NatWest Offshore Limited was an Isle of Man-incorporated bank formed in 1997, with branches in Jersey, Guernsey and Gibraltar. The business was transferred to RBS International through private members' legislation passed in each of the four jurisdictions in 2001, with RBS retaining NatWest as a trading name as well as continuing its existing business.

National Westminster International Holdings BV is the holding company for National Westminster Services (Ireland) Limited (Dublin), RBS Deutschland Holdings GmbH (Frankfurt) and RBS Netherlands Holdings BV (Houten).

===Isle of Man Bank===
In 2019, the High Court of Justice of the Isle of Man granted approval for the transfer of the business of Isle of Man Bank Limited (a wholly owned subsidiary of NatWest) to the Isle of Man branch of RBS International, trading as Isle of Man Bank.

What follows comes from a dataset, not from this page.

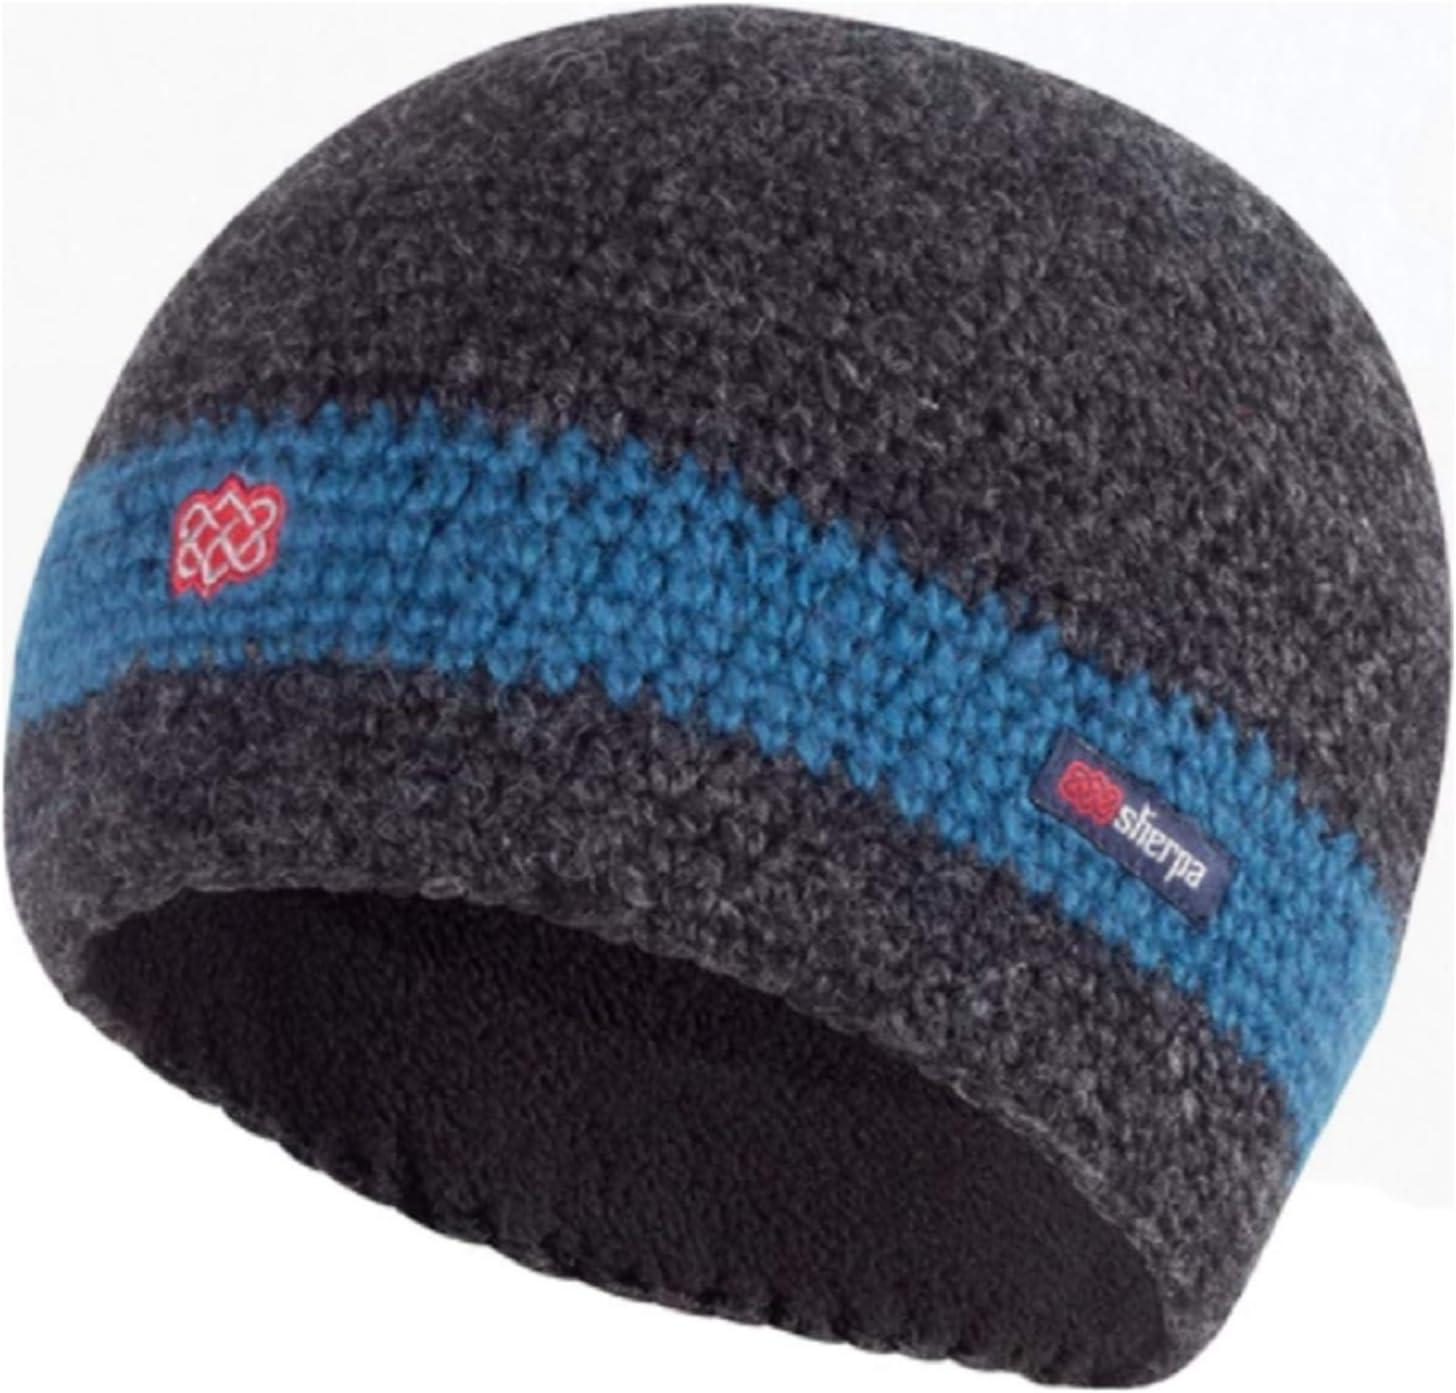 Sherpa Raja Blue Renzing Hat

===Coutts Crown Dependencies===
Following the introduction of ring-fencing regulation in the United Kingdom and after Coutts sold its International business in 2015, Coutts Crown Dependencies became a trading name of RBS International

It has offices in Jersey and the Isle of Mann. It offers a similar product range to that of Coutts in the United Kingdom.

==Operations==
Headquartered in Jersey, RBS International has a presence in Gibraltar, Guernsey, the Isle of Man, Luxembourg and the United Kingdom. The bank is regulated by the Jersey Financial Services Commission; the Gibraltar branch is regulated and authorised by the Financial Services Commission, Gibraltar to undertake banking and investment business; the Guernsey branch is regulated by the Guernsey Financial Services Commission and licensed under the Banking Supervision (Bailiwick of Guernsey) Law, 1994, as amended, the Insurance Managers and Insurance Intermediaries (Bailiwick of Guernsey) Law, 2002, and the Protection of Investors (Bailiwick of Guernsey) Law, 1987, as amended; and the Isle of Man branch is licensed by the Isle of Man Financial Services Authority in respect of deposit taking, investment business and registered as a general insurance intermediary.

===Structure===
Financial services are provided through local and institutional banking customer segments. Local banking provides loan and deposit products and services to personal, private, business and commercial customers. Institutional banking provides services to European fund asset managers, fund administrators and corporate service providers.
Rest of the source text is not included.